# TASK OBJECTIVE:
Pull out the lines from the one containing "el caso de guatemaltecos" through the final line of the listing below and repeat them exactly. Leave the pictures behind.

# STORED DATA:
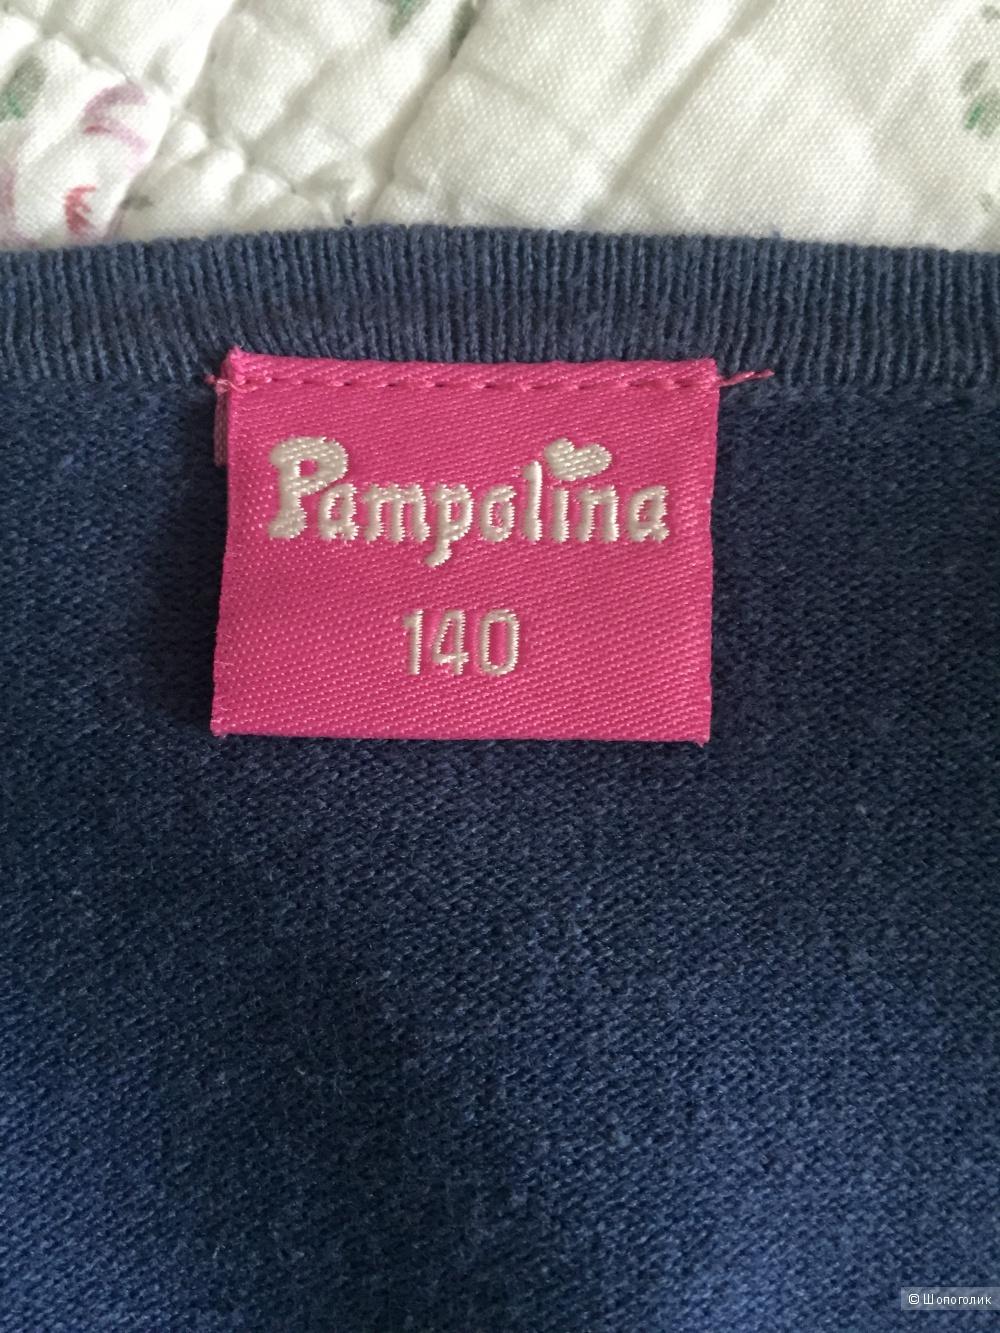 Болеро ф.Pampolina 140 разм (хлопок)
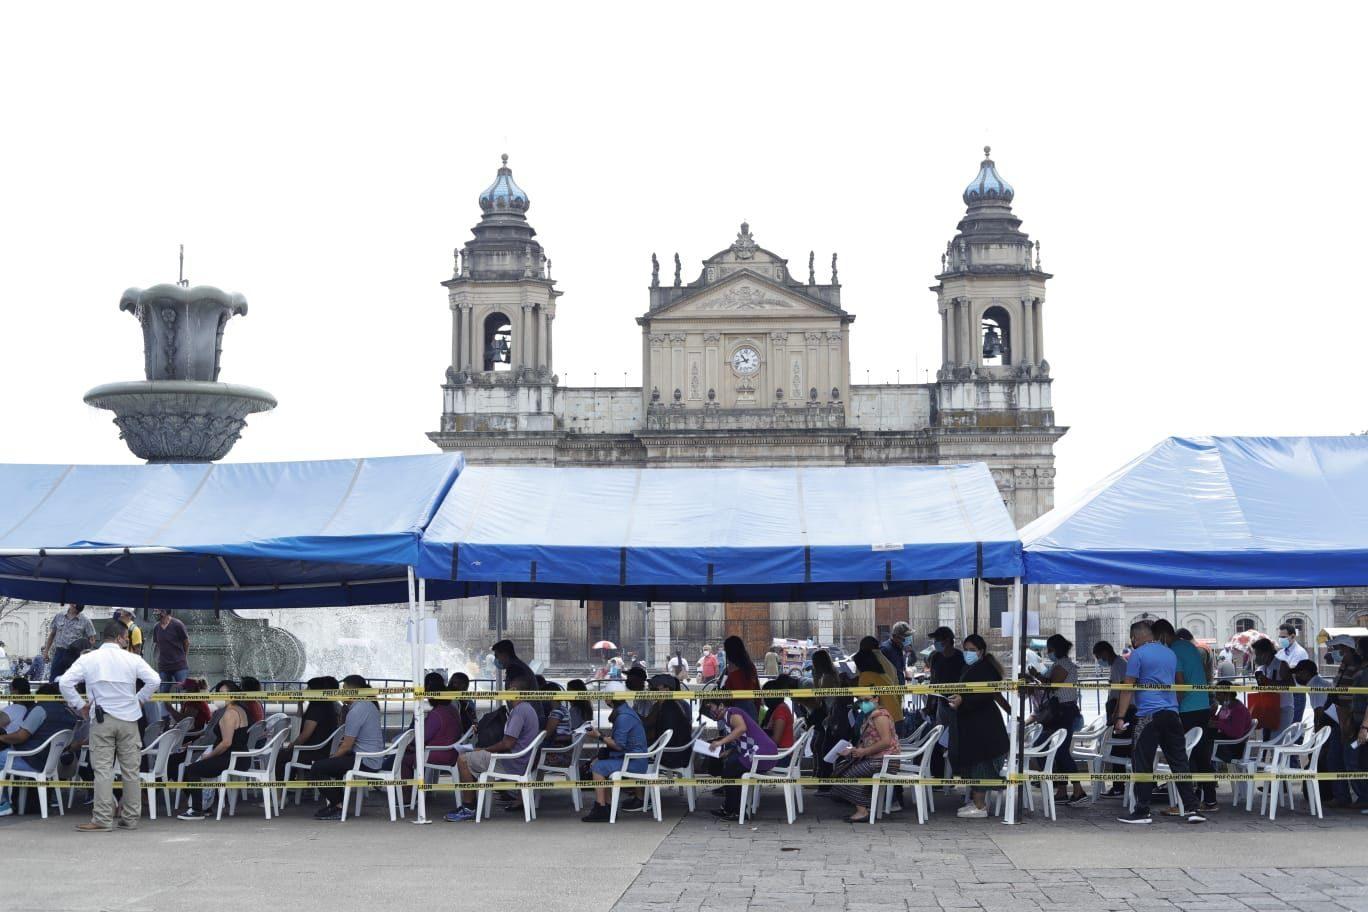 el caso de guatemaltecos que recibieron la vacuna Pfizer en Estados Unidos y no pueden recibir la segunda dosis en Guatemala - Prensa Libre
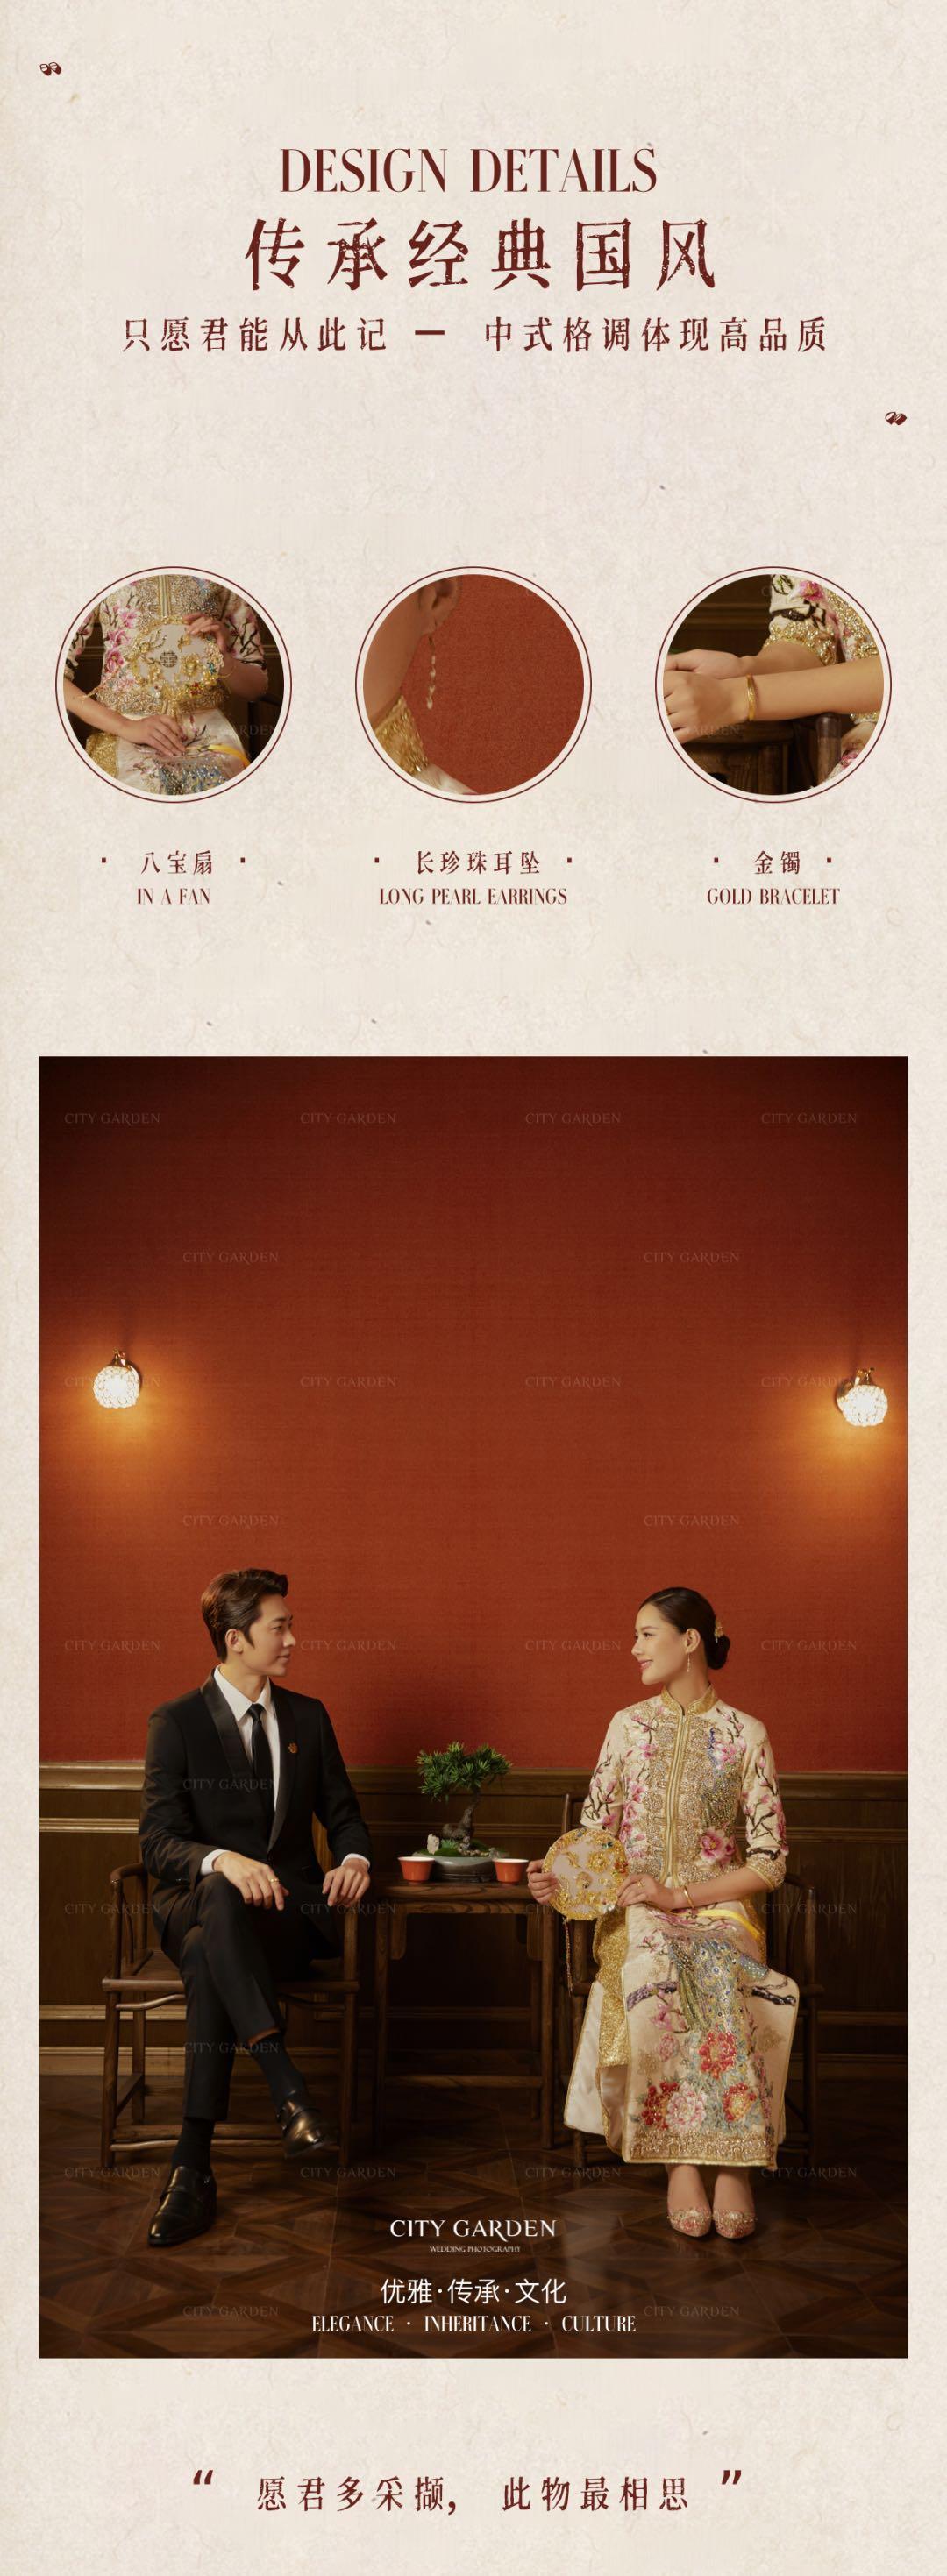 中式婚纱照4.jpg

# TASK RESULT:
 el caso de guatemaltecos que recibieron la vacuna Pfizer en Estados Unidos y no pueden recibir la segunda dosis en Guatemala - Prensa Libre
 中式婚纱照4.jpg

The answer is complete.